O projeto foi idealizado pela Iandé Fotografia, plataforma cultural que apoia, valoriza e promove a presença da fotografia brasileira na Europa, em parceria com a francesa Photo Doc, que tem por objetivo central dar evidência à fotografia documental. “A primeira participação da Iandé em Arles aconteceu em 2019, com o projeto What’s Going On in Brazil, uma tentativa de responder a grande questão dos europeus aos brasileiros: o que está acontecendo com o Brasil?”, conta Glaucia Nogueira, que coordenou o projeto pela Iandé. “Para 2021, queríamos continuar esse trabalho e ampliar a ideia de coletivo para a curadoria. Convidamos 15 curadores brasileiros, com olhares voltados para as cinco regiões do país, e cada um indicou dois fotógrafos.”

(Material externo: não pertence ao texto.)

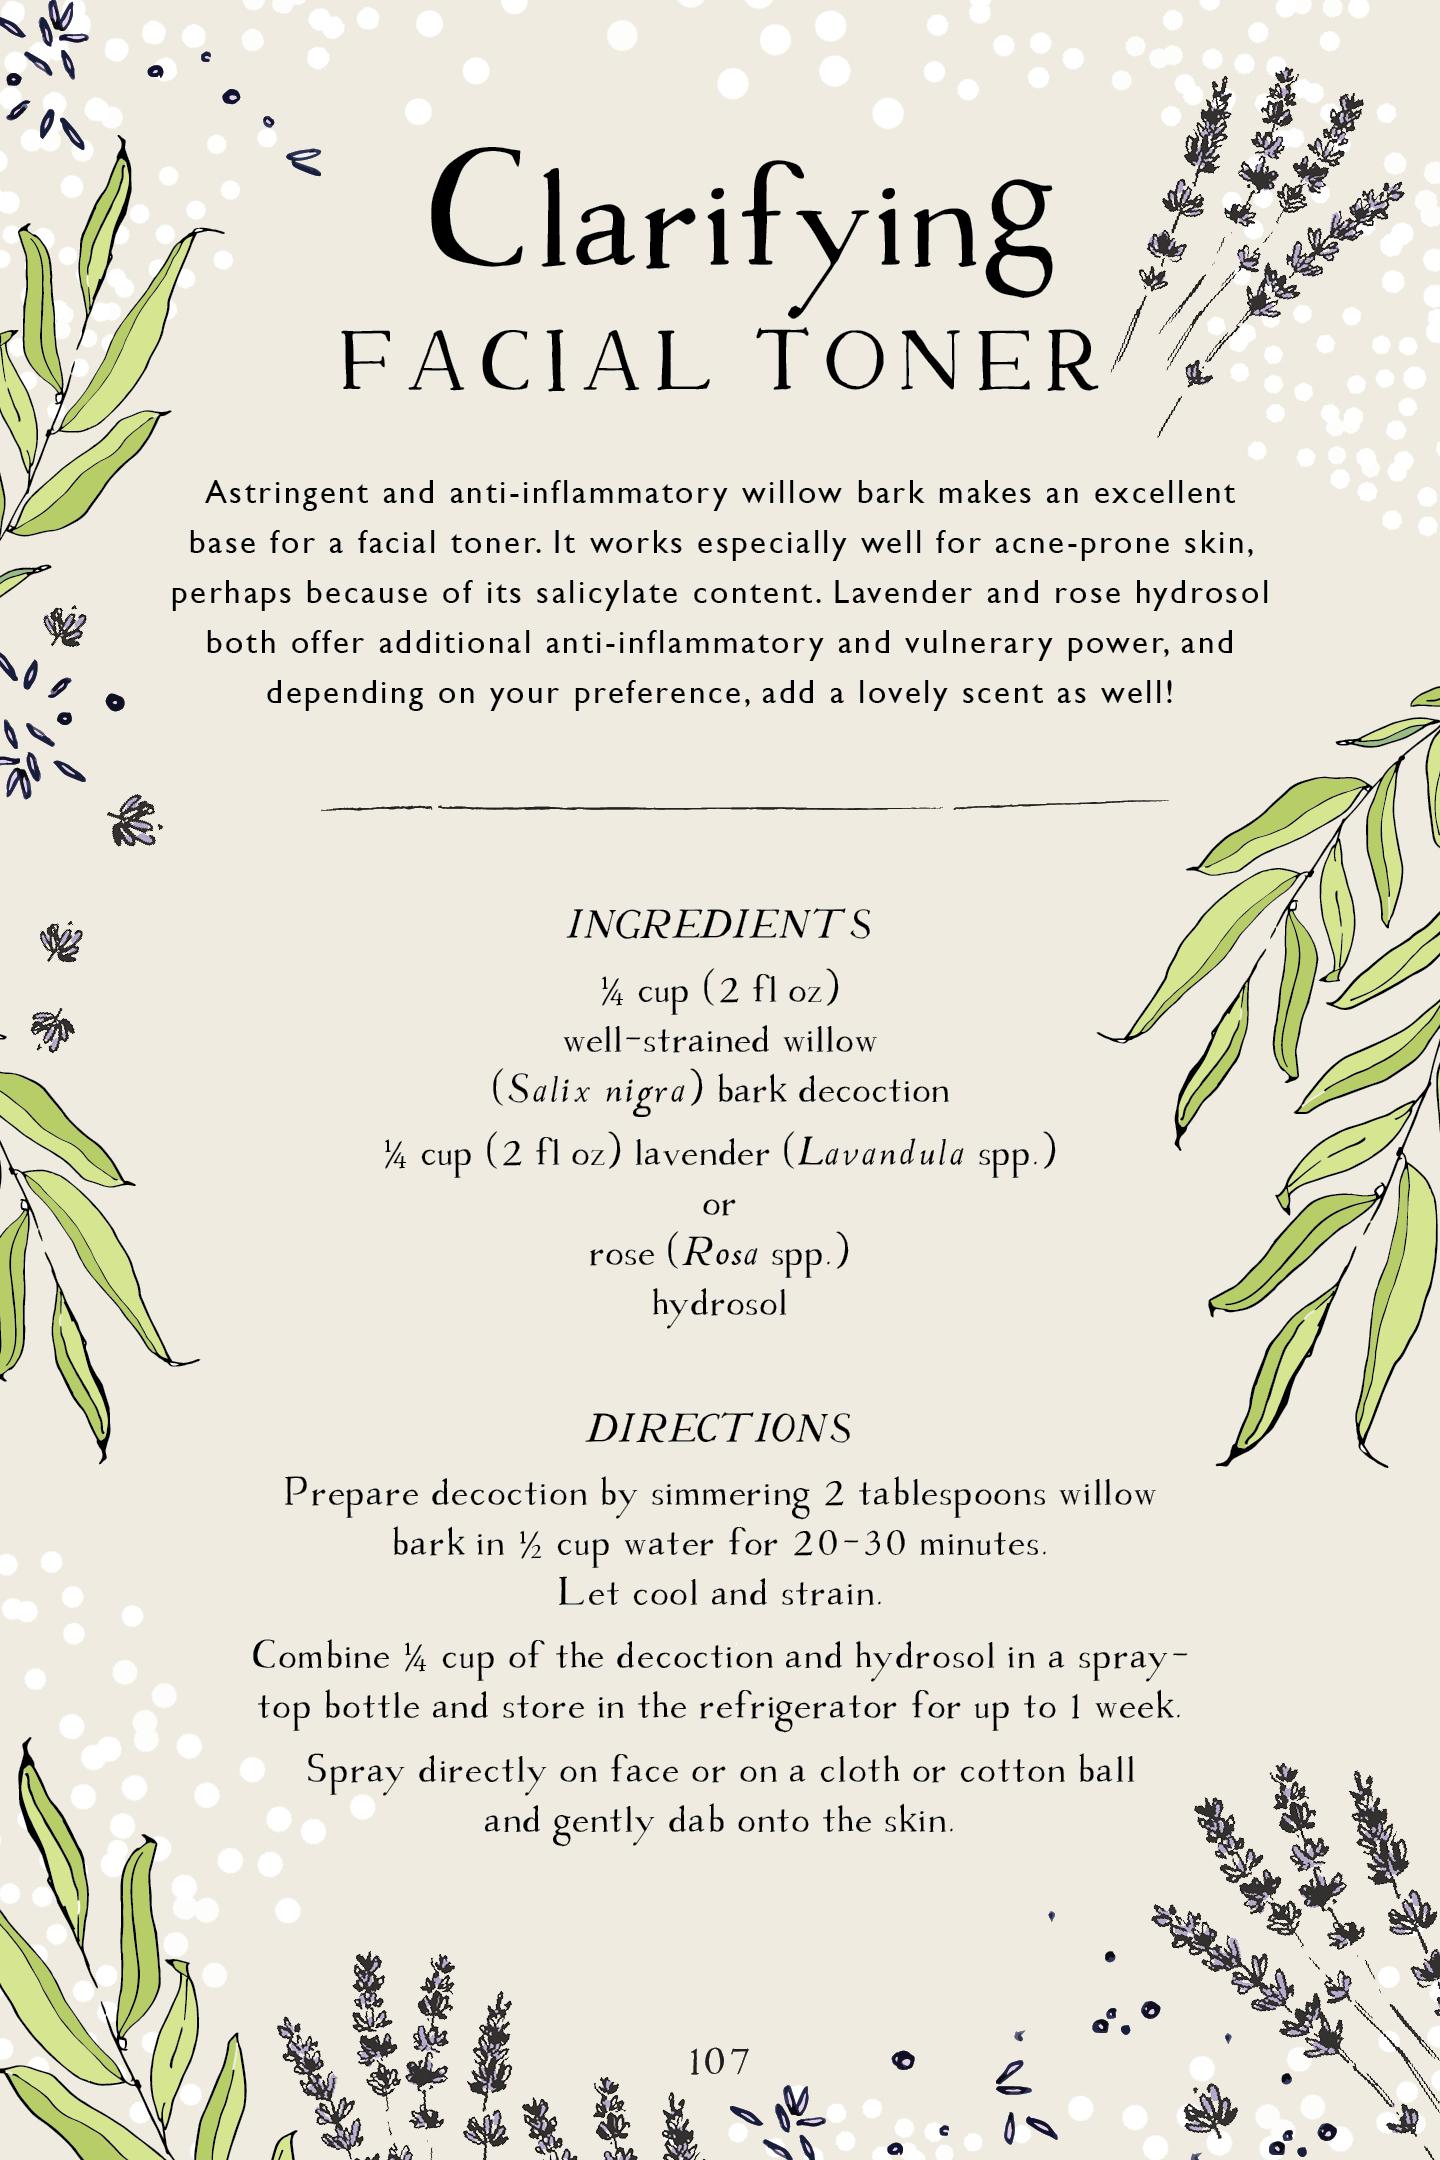 Botanical Skin Care Recipe Book Page Preview – Clarifying Facial Toner
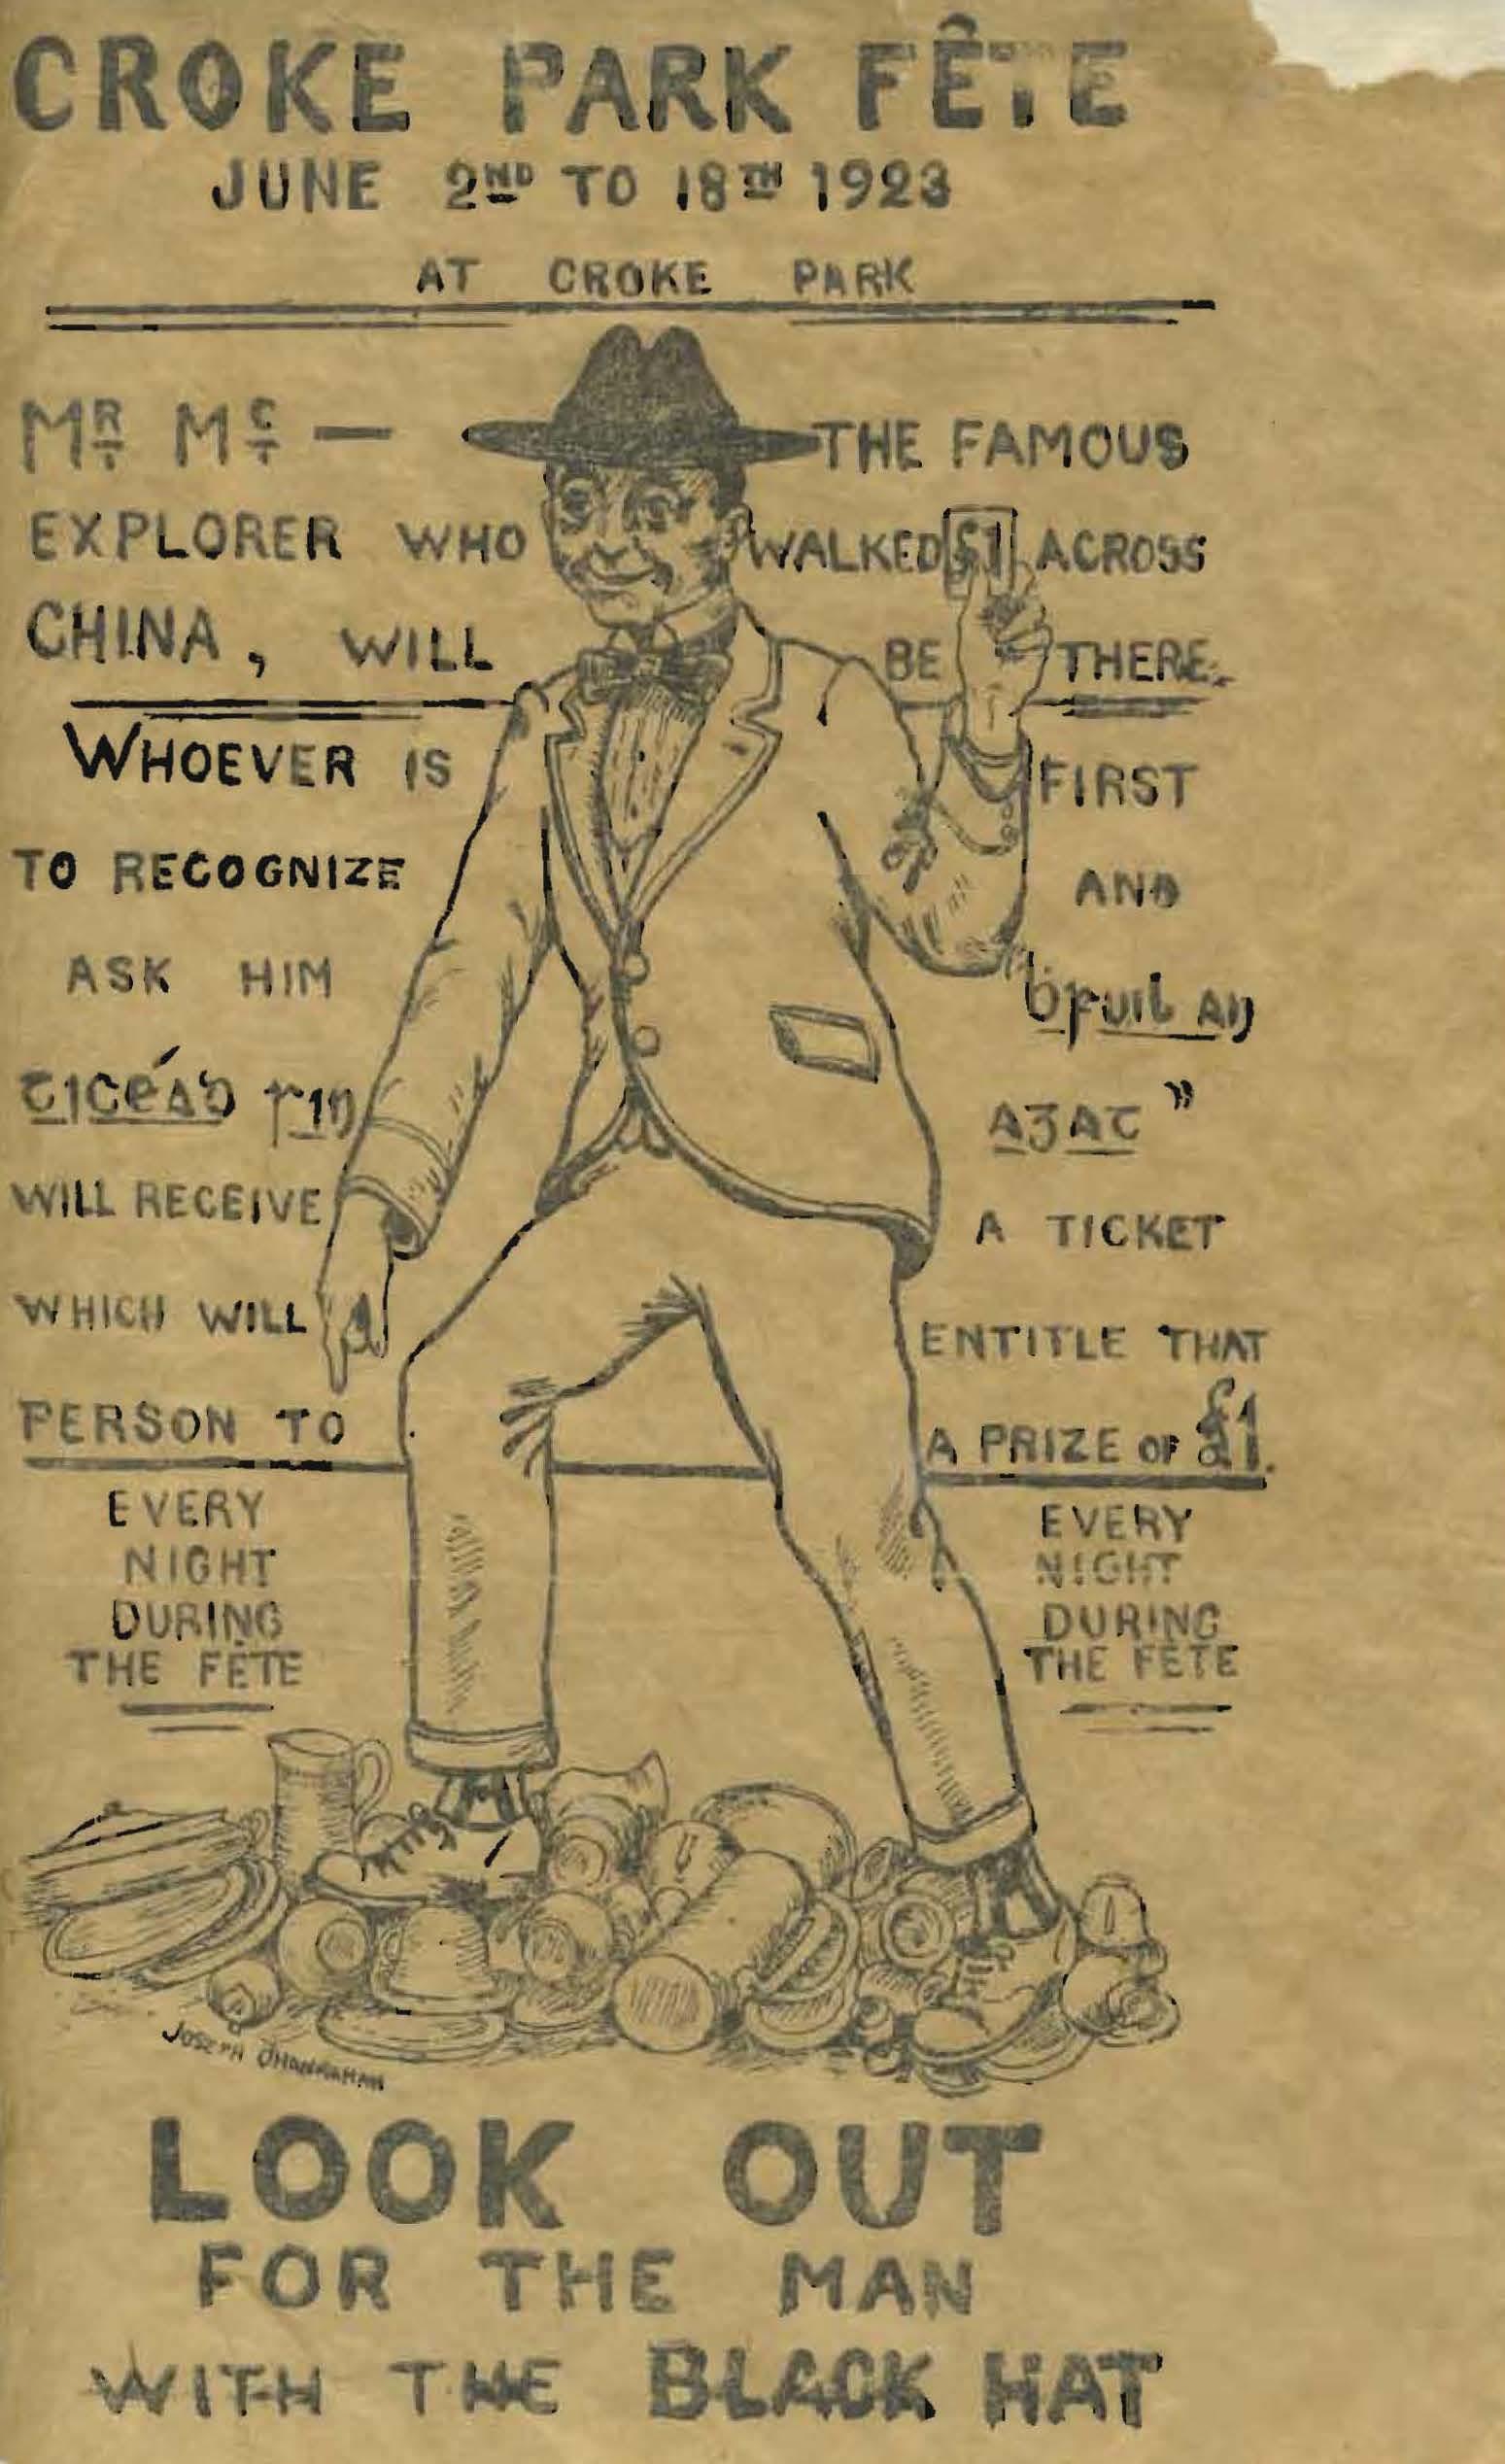 1923 Croke Park Fête Poster

Glaucia elogia a série vencedora de Ana Mendes: “O trabalho é maduro, completo. Tem o engajamento com a comunidade e seu território e traz a denúncia da triste realidade política brasileira atual. A expropriação, o preconceito e o desmonte das estruturas governamentais de proteção são camadas presentes na abordagem da Pseudo Indígenas. E é claro que a questão dos povos autóctones do Brasil toca especialmente os franceses”.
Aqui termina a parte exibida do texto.